Start of Collected data
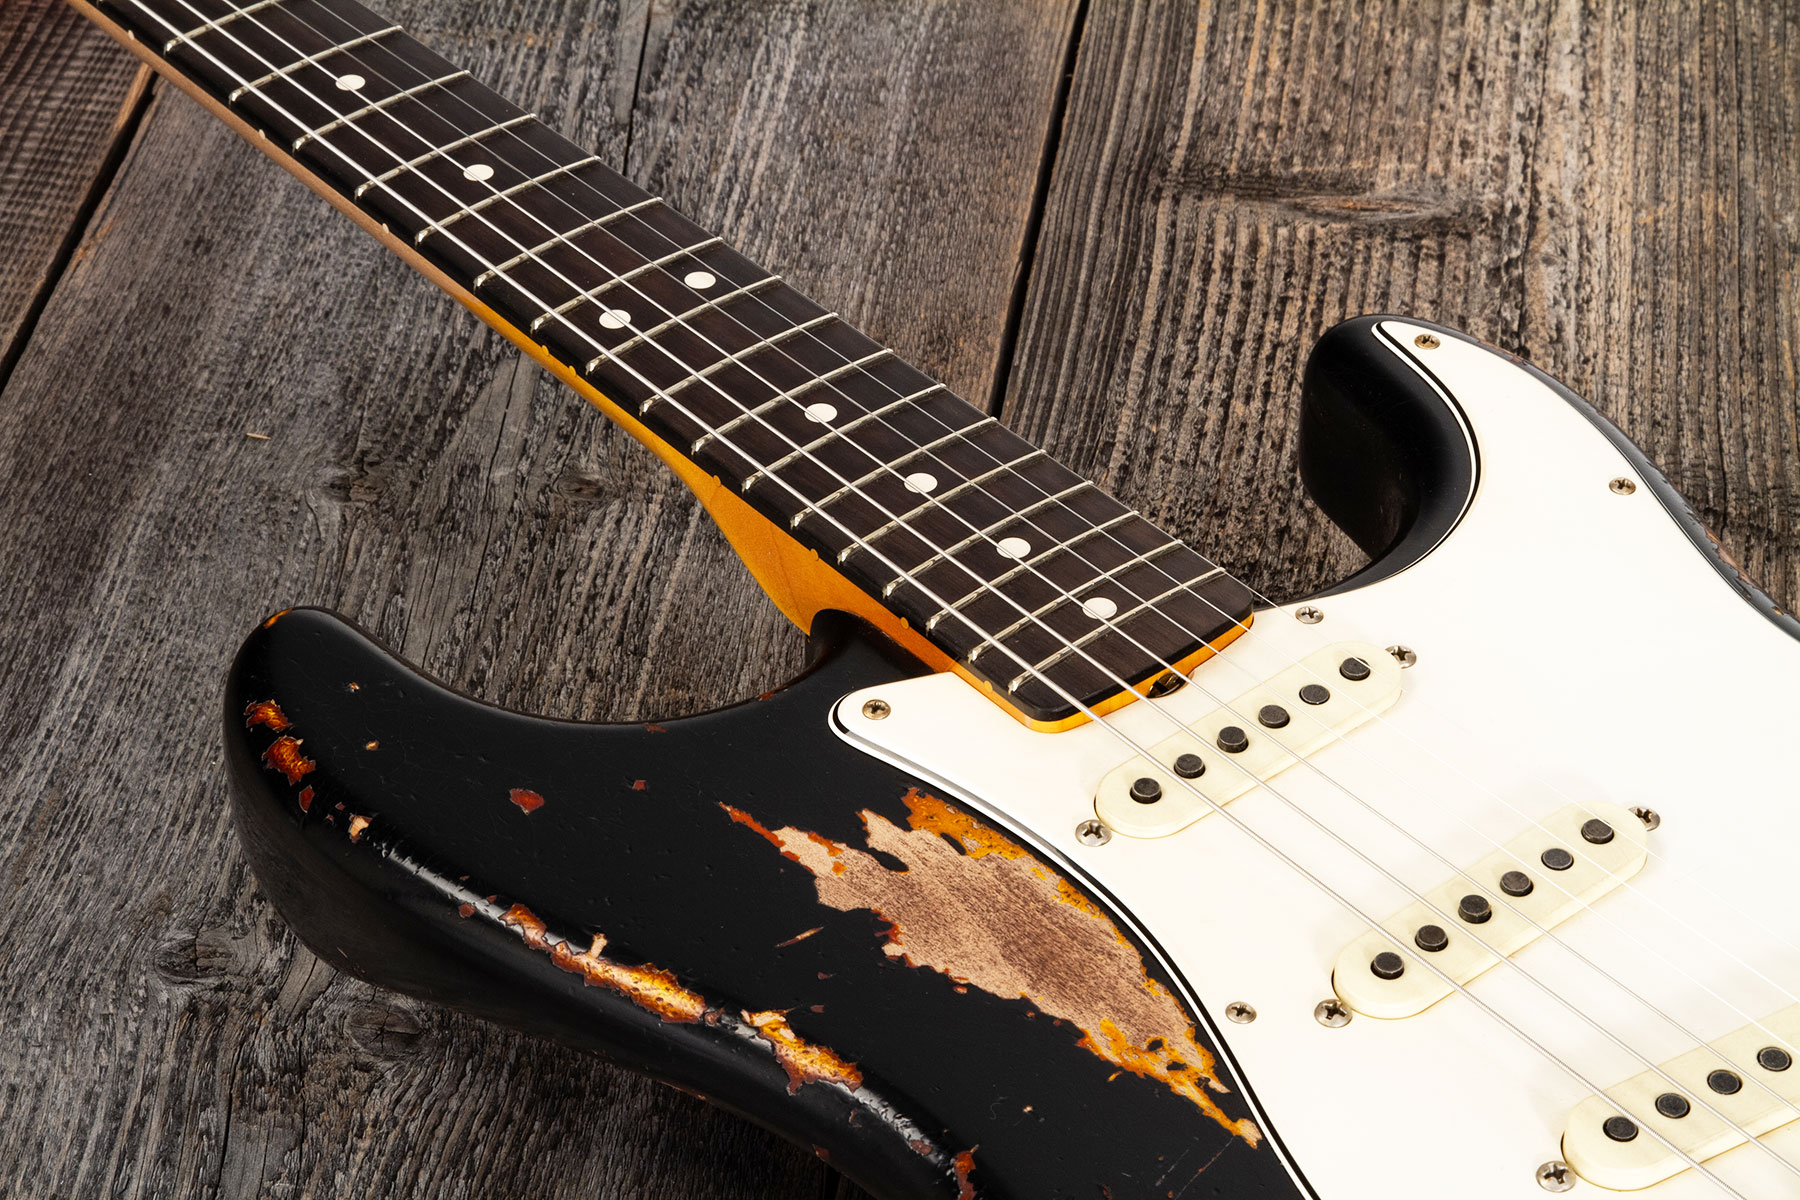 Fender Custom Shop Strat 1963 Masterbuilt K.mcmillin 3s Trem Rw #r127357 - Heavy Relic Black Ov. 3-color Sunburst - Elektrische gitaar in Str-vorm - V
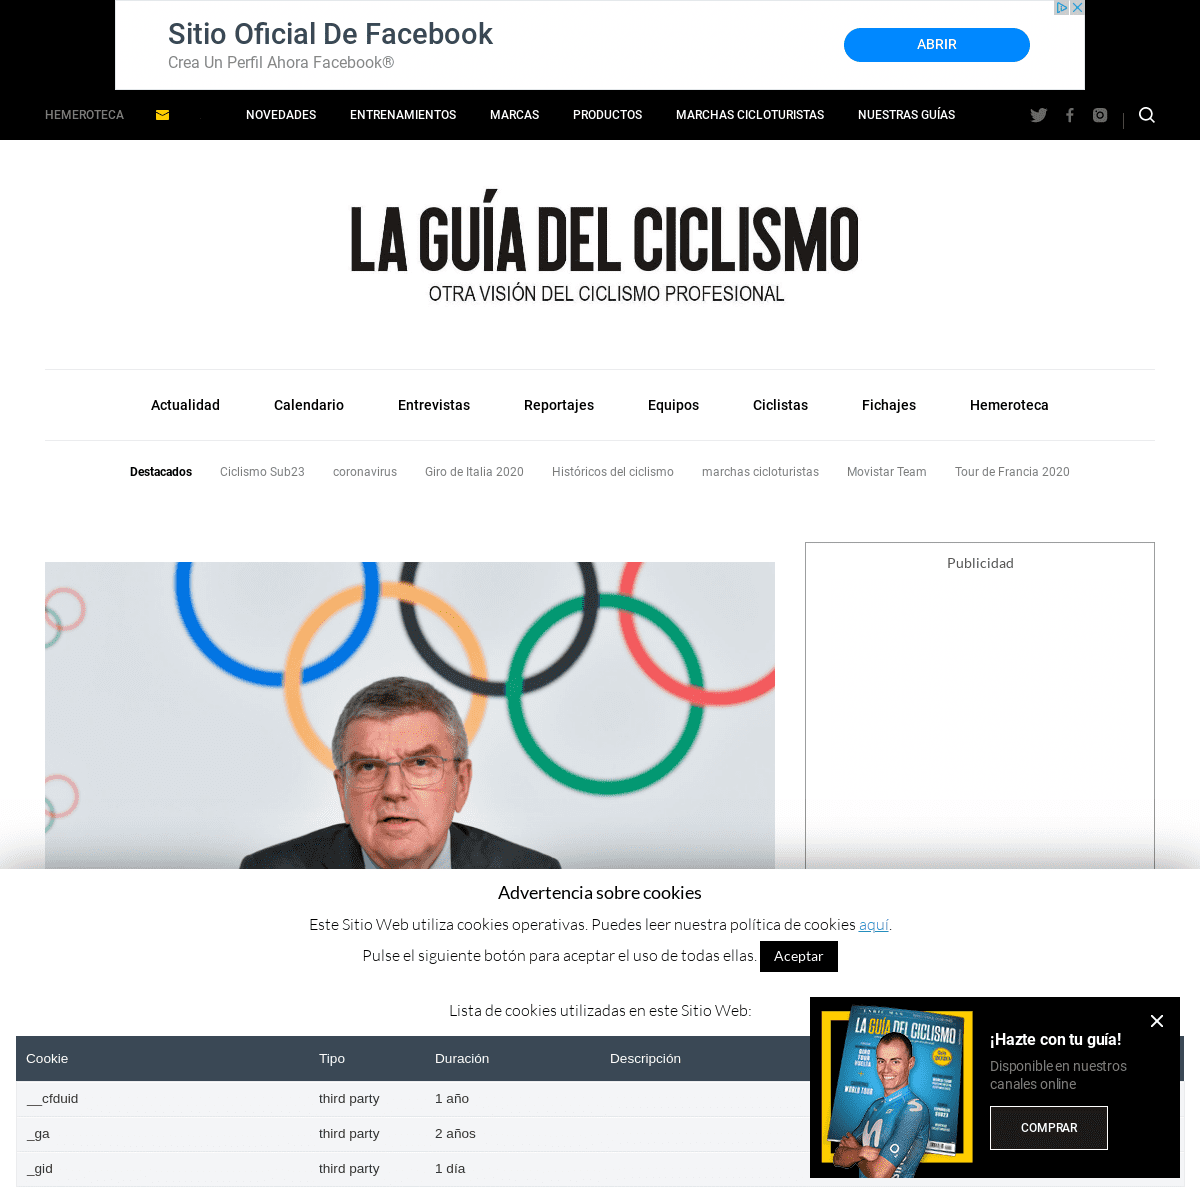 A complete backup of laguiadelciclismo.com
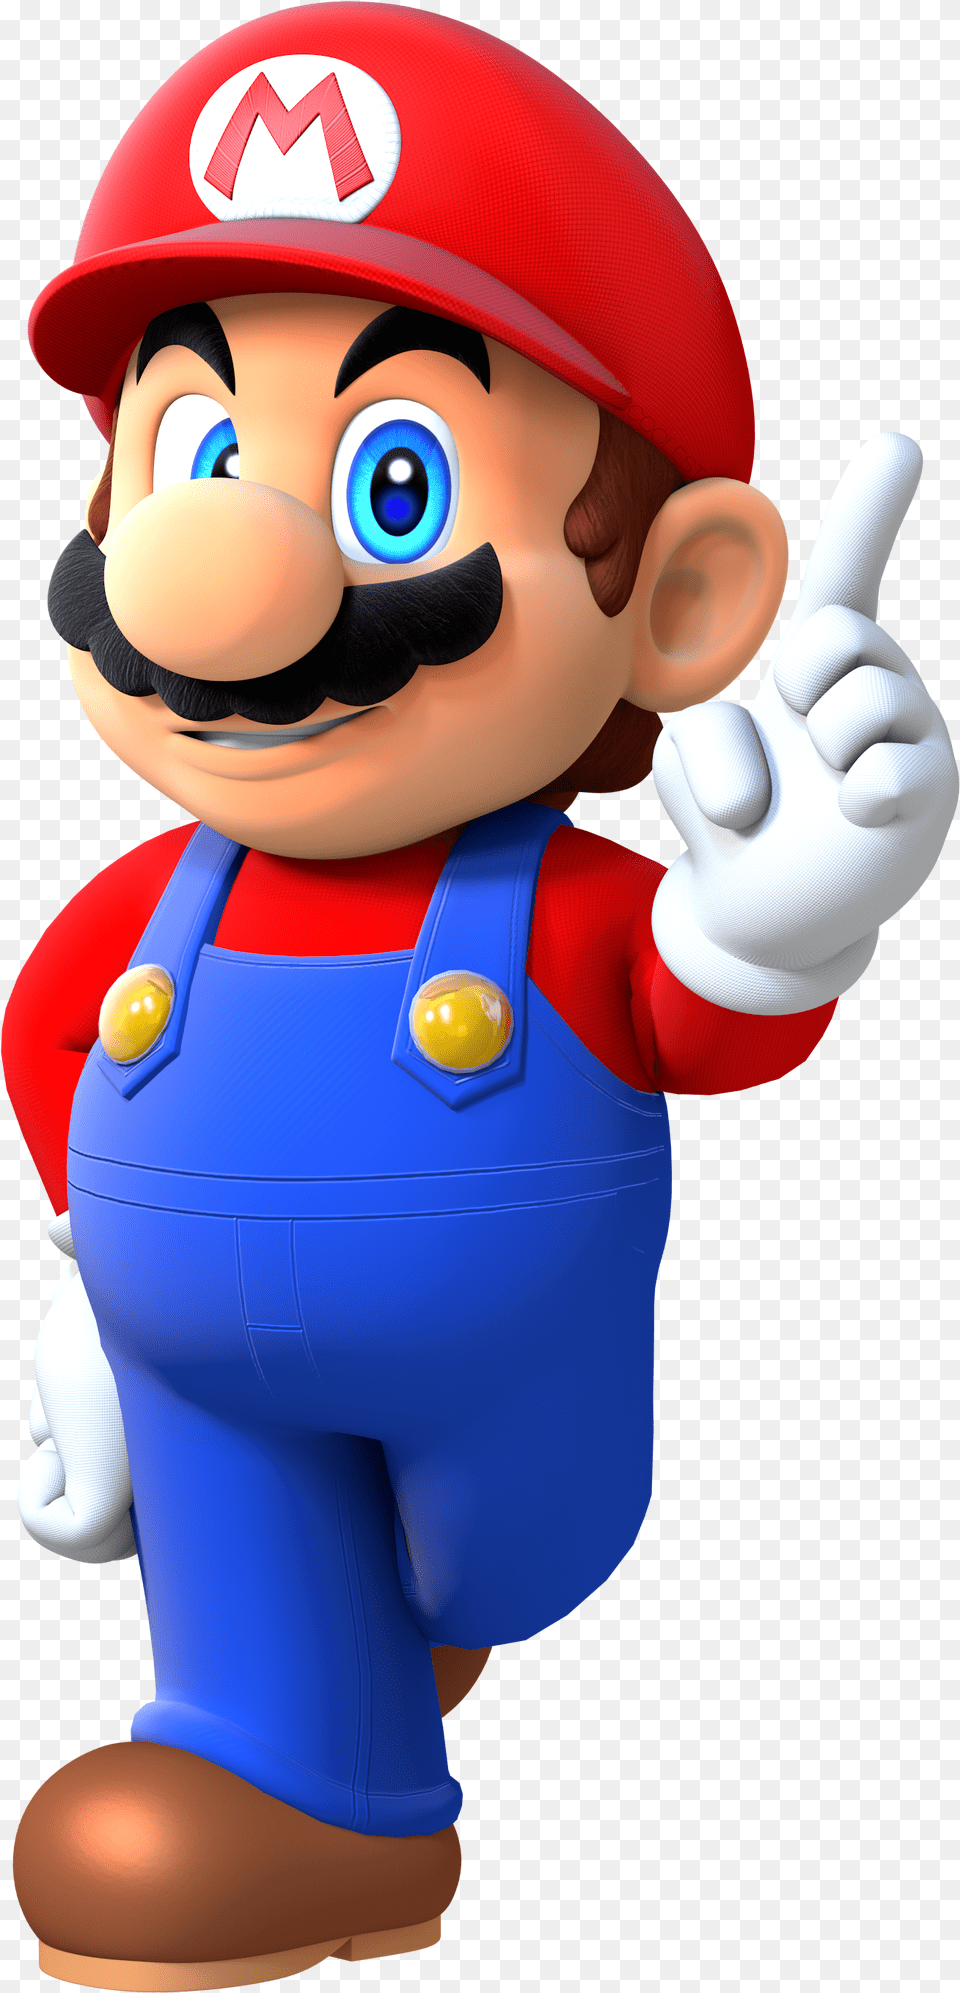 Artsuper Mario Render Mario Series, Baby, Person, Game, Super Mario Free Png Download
End of Collected data
### Instructions to follow:
Transcribe only the lines between the line containing "A complete backup of laguiadelciclismo.com" and the final line of the listing, inclusive, exactly as they appear; no pictures are to be included.

### Solution to this task:
 A complete backup of laguiadelciclismo.com
 Artsuper Mario Render Mario Series, Baby, Person, Game, Super Mario Free Png Download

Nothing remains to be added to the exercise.